● **DATA SHOWN**:
^^^^
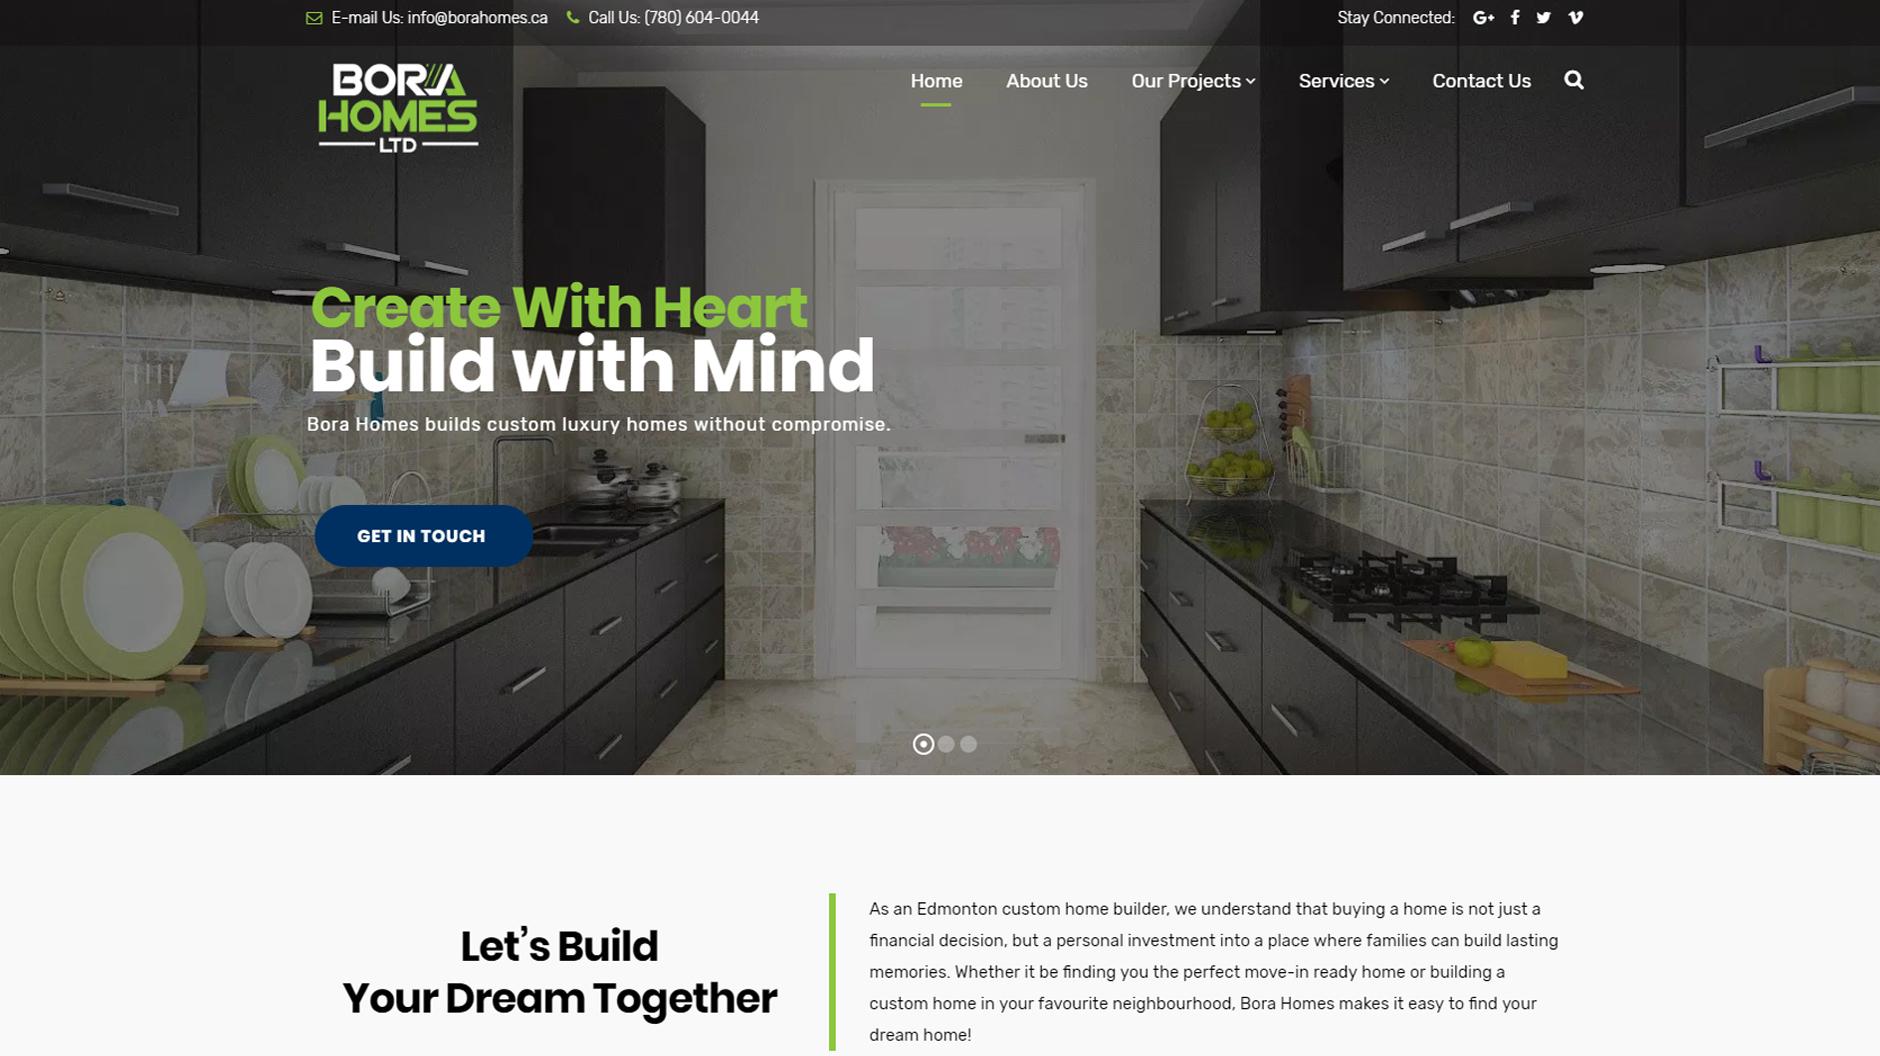 Bora Homes Ltd
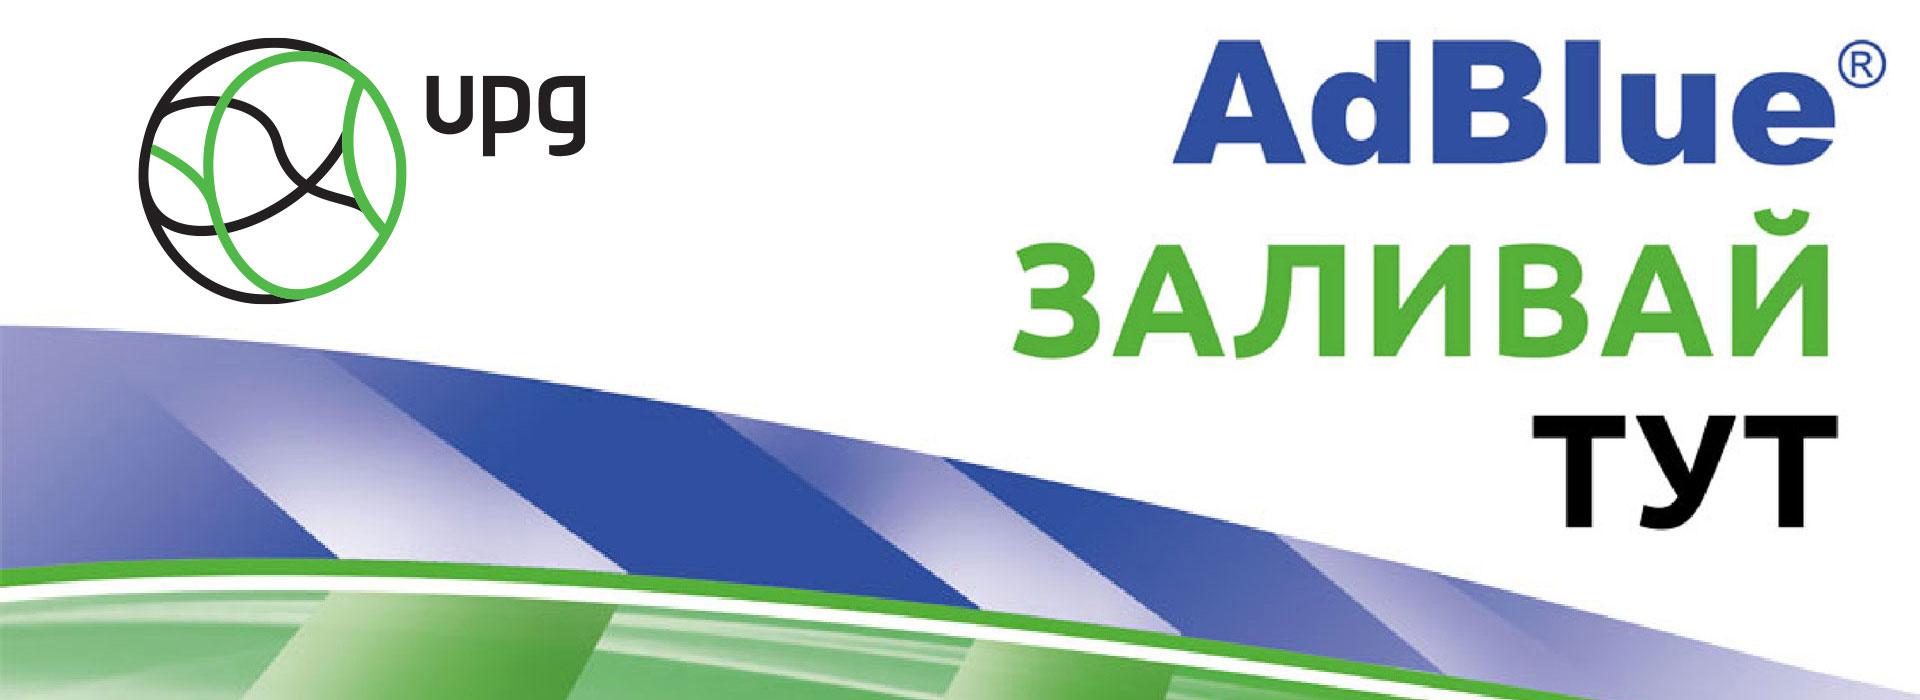 Святкова вигода 30 000 грн. з нагоди 30-ї річниці Great
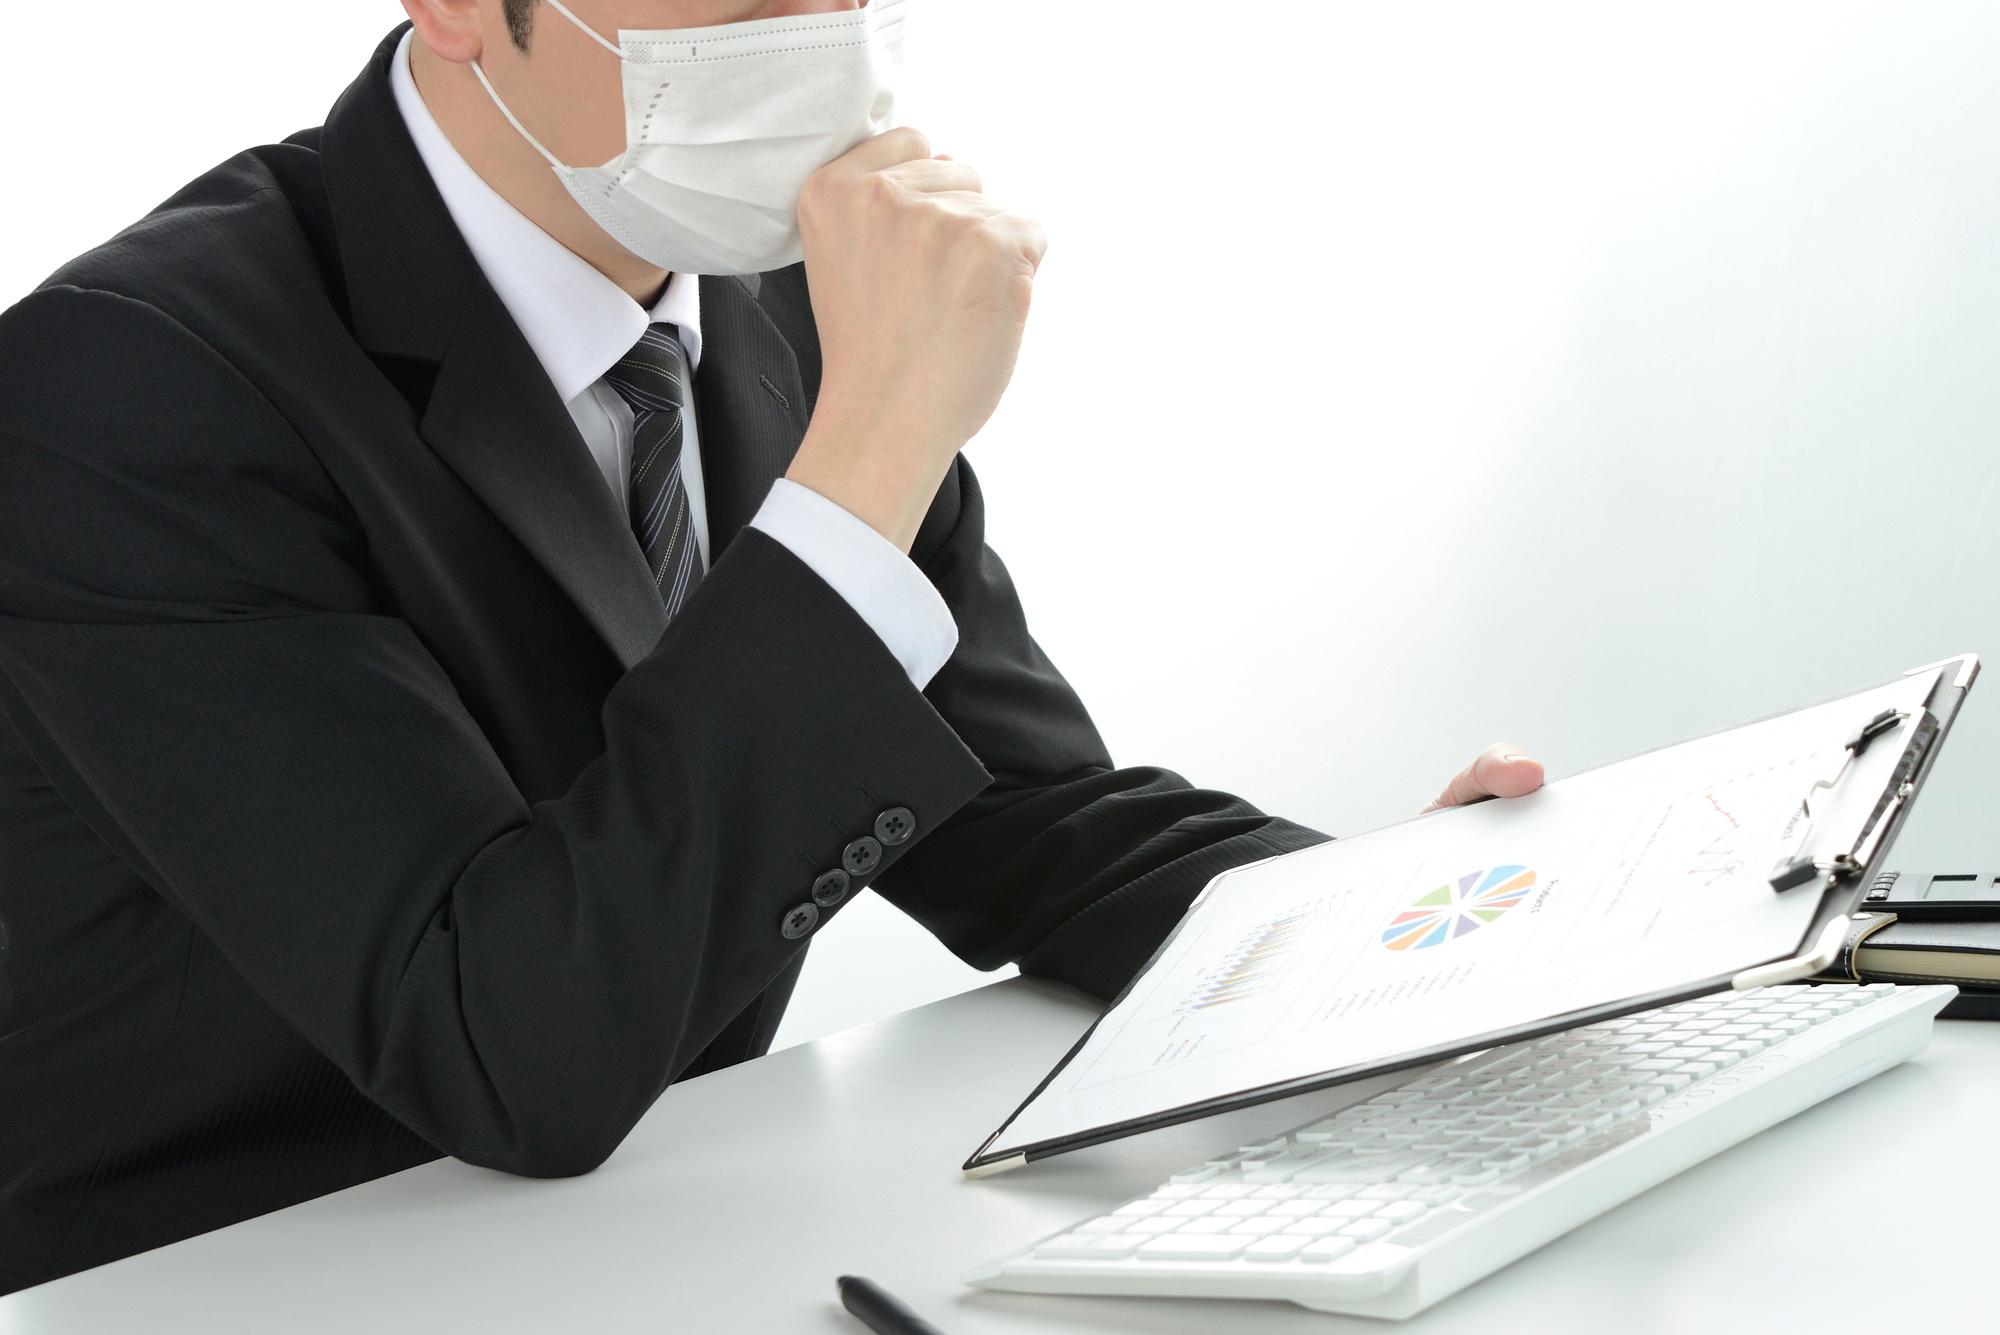 【医師監修】インフルエンザ患者が出勤すると法律違反⁉ 感染症と労働に関する法律について
^^^^
● **WHAT YOU NEED TO DO**: Without the pictures, repeat the listing word for word.

● **EXERCISE ANSWER**:
 Bora Homes Ltd
 Святкова вигода 30 000 грн. з нагоди 30-ї річниці Great
 【医師監修】インフルエンザ患者が出勤すると法律違反⁉ 感染症と労働に関する法律について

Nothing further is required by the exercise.